Machine: regenerate-certs doesn't work on swarm-master

Created on 21 Dec 2015 · 5Comments · Source: docker/machine

Consider this scenario:

docker-machine create -d amazonec2 --swarm --swarm-master (etc)
everything works (single node swarm-master + swarm node)
change IP of amazon instance (in my case, set Elastic IP)
docker-machine detects IP change, via _magic_ I guess
docker-machine env for new IP will complain about tls cert IP mismatch
docker-machine regenerate-certs gets docker working again with docker-machine env
docker-machine env --swarm however, will act like it's fine, but any docker or docker-compose commands will do nothing. No errors in cli, just nothing. docker images when not using --swarm IP will generate proper image list, but with --swarm IP it'll just list headers and no images.

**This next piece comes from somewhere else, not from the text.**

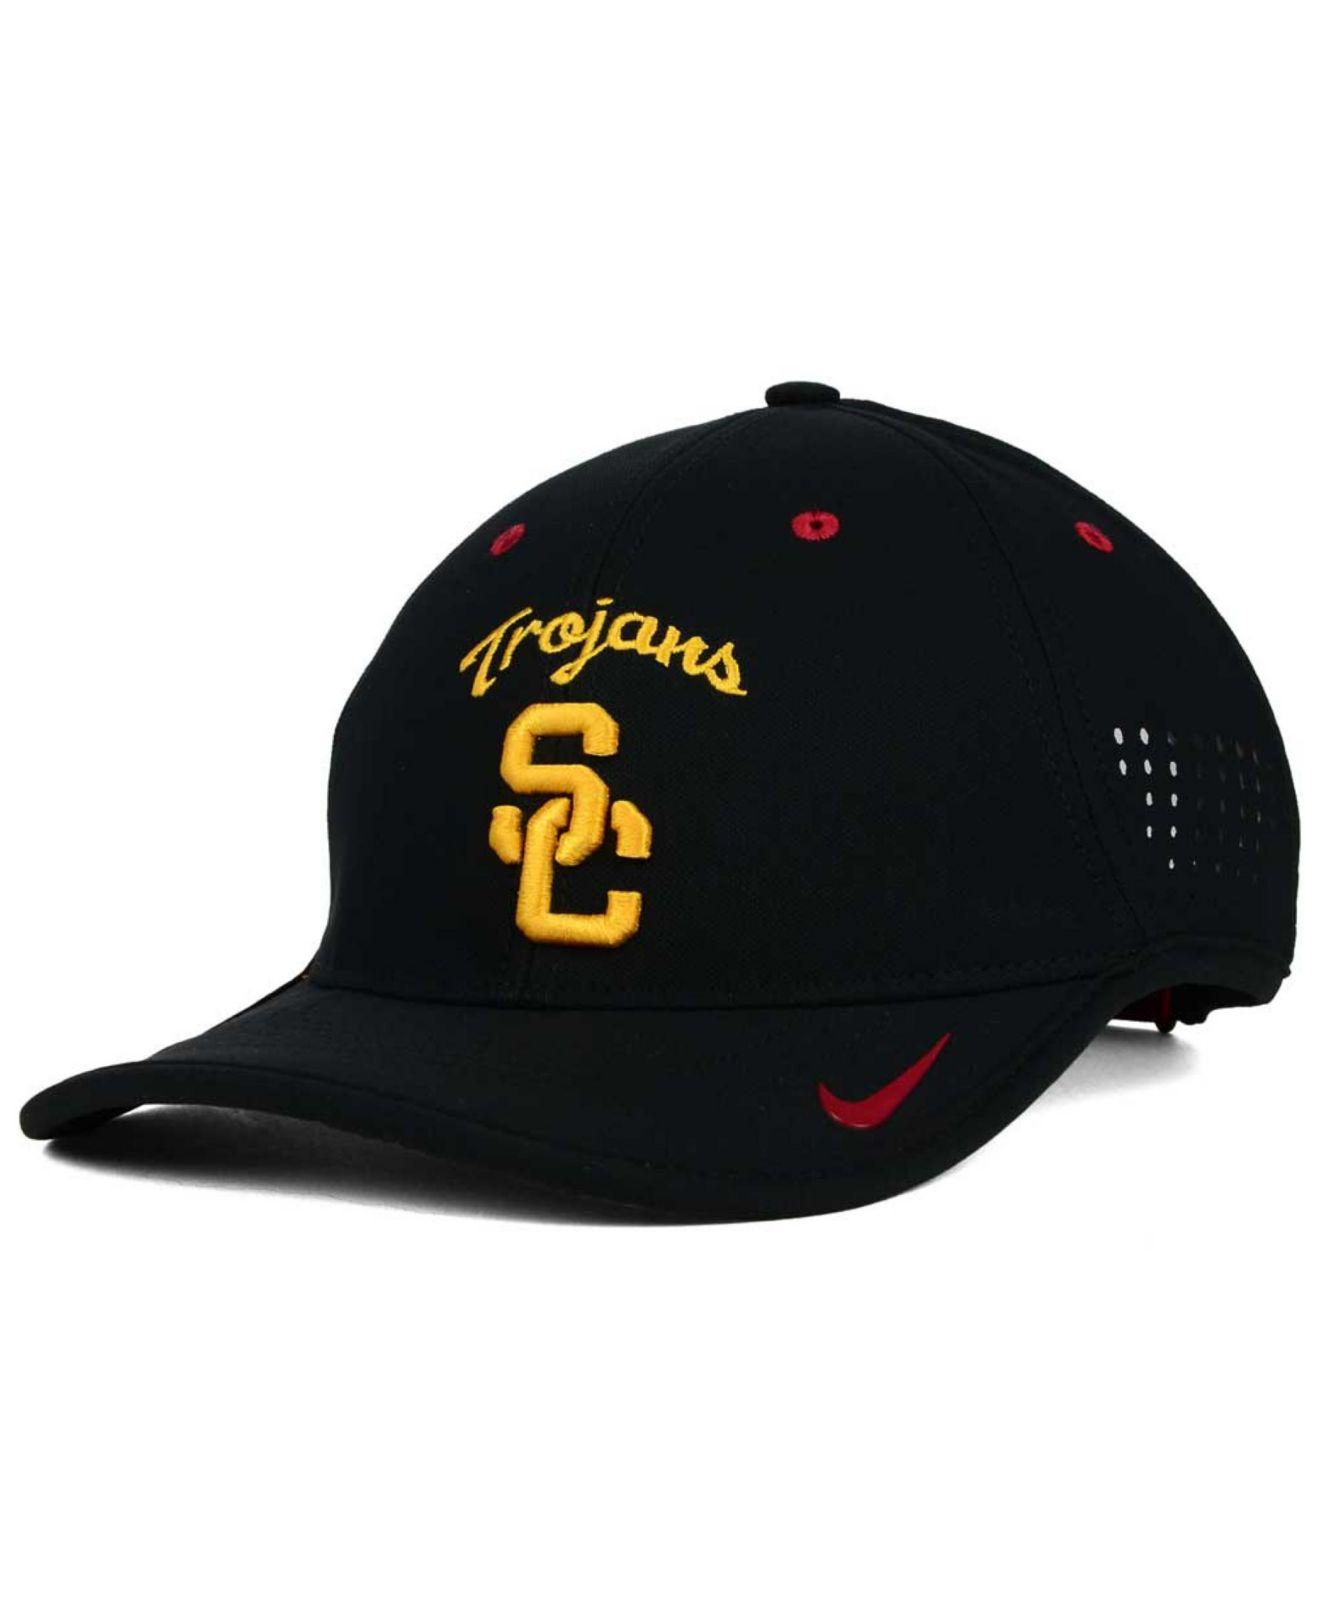 051ca281405bf Nike Usc Trojans Dri-Fit Coaches Cap in Black for Men - Lyst

Is regenerate-certs supposed to work with an existing swarm?

areswarm kinbug

Source

BretFisher

👍1

All 5 comments

When you run swarm it listens on the public IP when it was first initialized. docker inspect on the swarm manage process looks something like this.

{
  "Path": "/swarm",
  "Args": [
      "manage",
      "--tlsverify",
      "--tlscacert=/etc/docker/ca.pem",
      "--tlscert=/etc/docker/server.pem",
      "--tlskey=/etc/docker/server-key.pem",
      "-H",
      "tcp://0.0.0.0:3376",
      "--strategy",
      "spread",
      "--advertise",
      "PUBLICIP:2376",
      "--replication",
      "etcd://ectd.host:2379/swarm"
    ]
}

Quick (and kinda lazy) workaround I have found for this is simply rerunning docker-machine command but using the generic driver instead to setup swarm.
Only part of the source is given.